# DATA TO PROCESS:
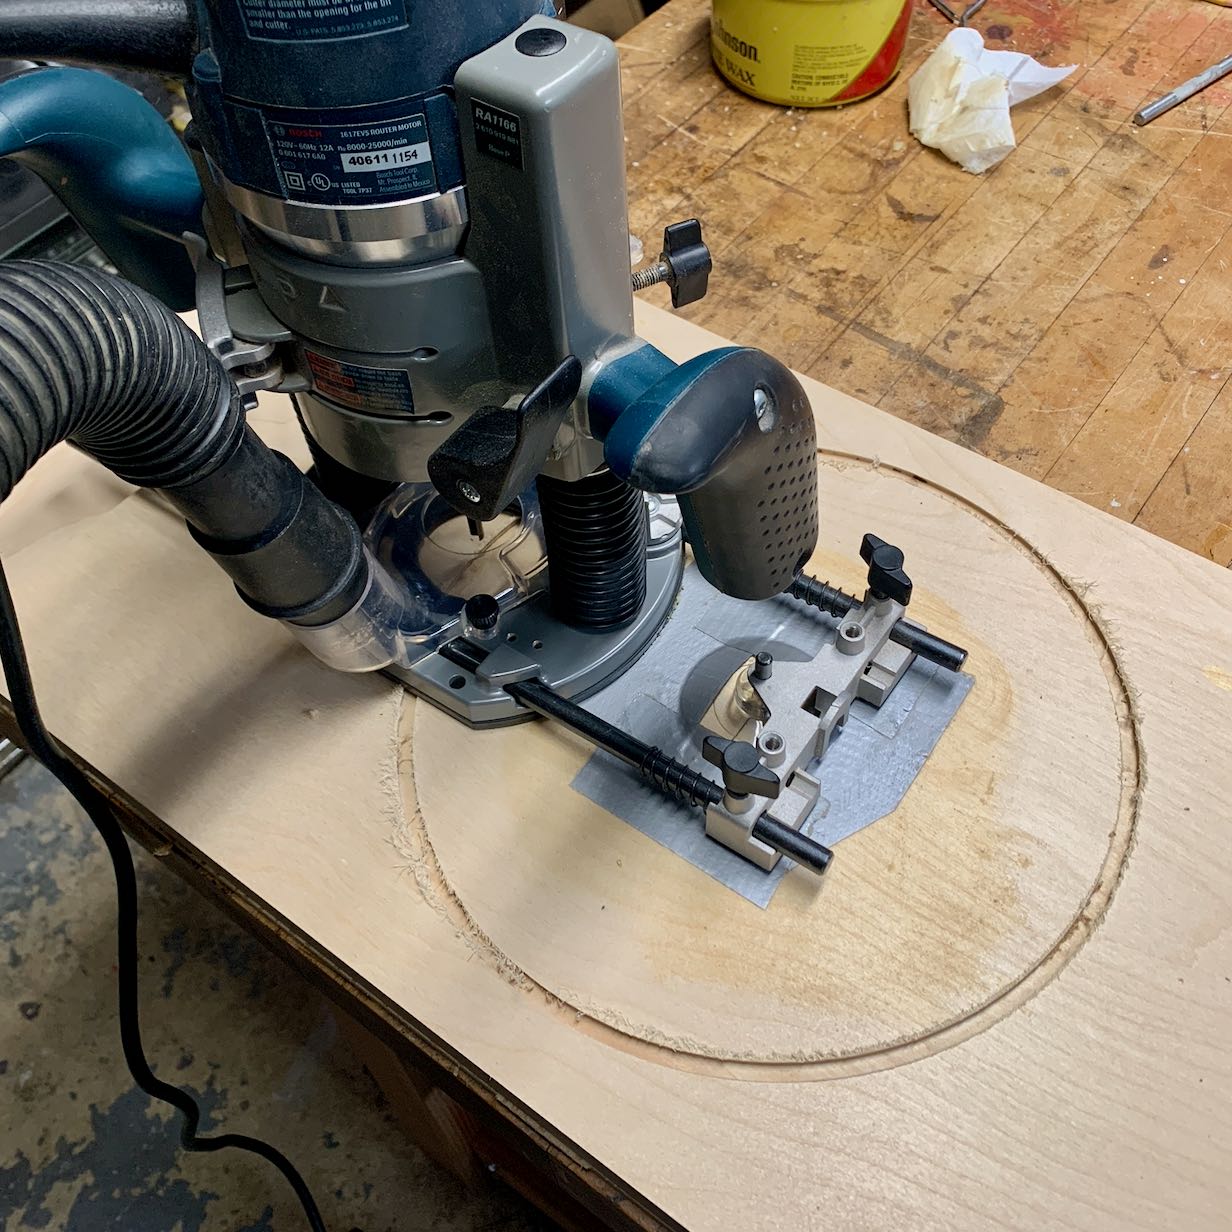 Build process photo of a router cutting a circle for the speaker baffle
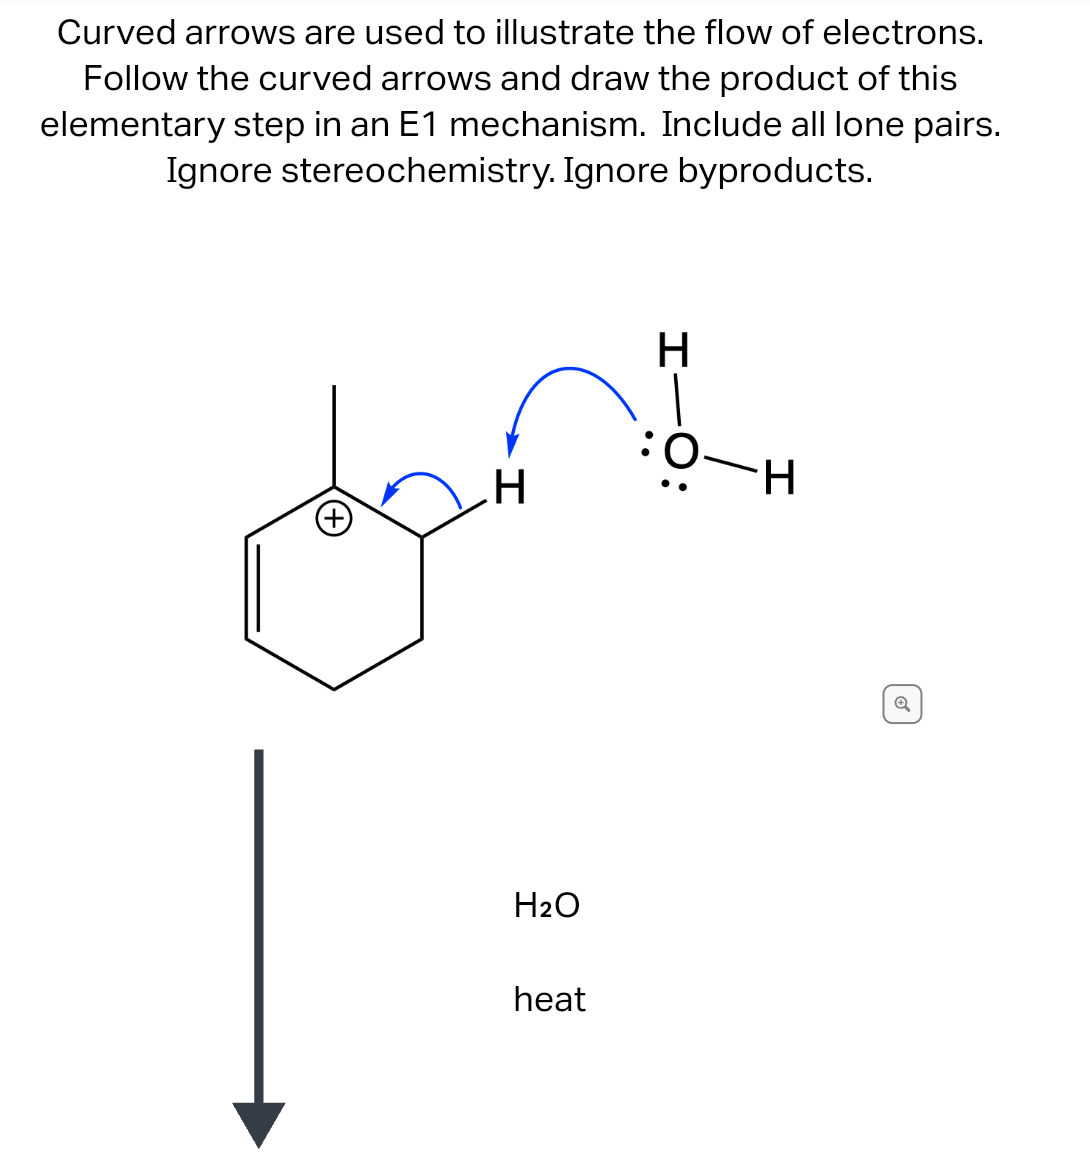 Curved arrows are used to illustrate the flow of electrons.
Follow the curved arrows and draw the product of this
elementary step in an E1 mechanism. Include all lone pairs.
Ignore stereochemistry. Ignore byproducts.
:0
H
dant
H₂O
H
heat
H
Q

# PROBLEM REQUIREMENTS:
Without the pictures, return the records above exactly as written.

# OUTPUT OF THE EXERCISE:
 Build process photo of a router cutting a circle for the speaker baffle
 Curved arrows are used to illustrate the flow of electrons.
Follow the curved arrows and draw the product of this
elementary step in an E1 mechanism. Include all lone pairs.
Ignore stereochemistry. Ignore byproducts.
:0
H
dant
H₂O
H
heat
H
Q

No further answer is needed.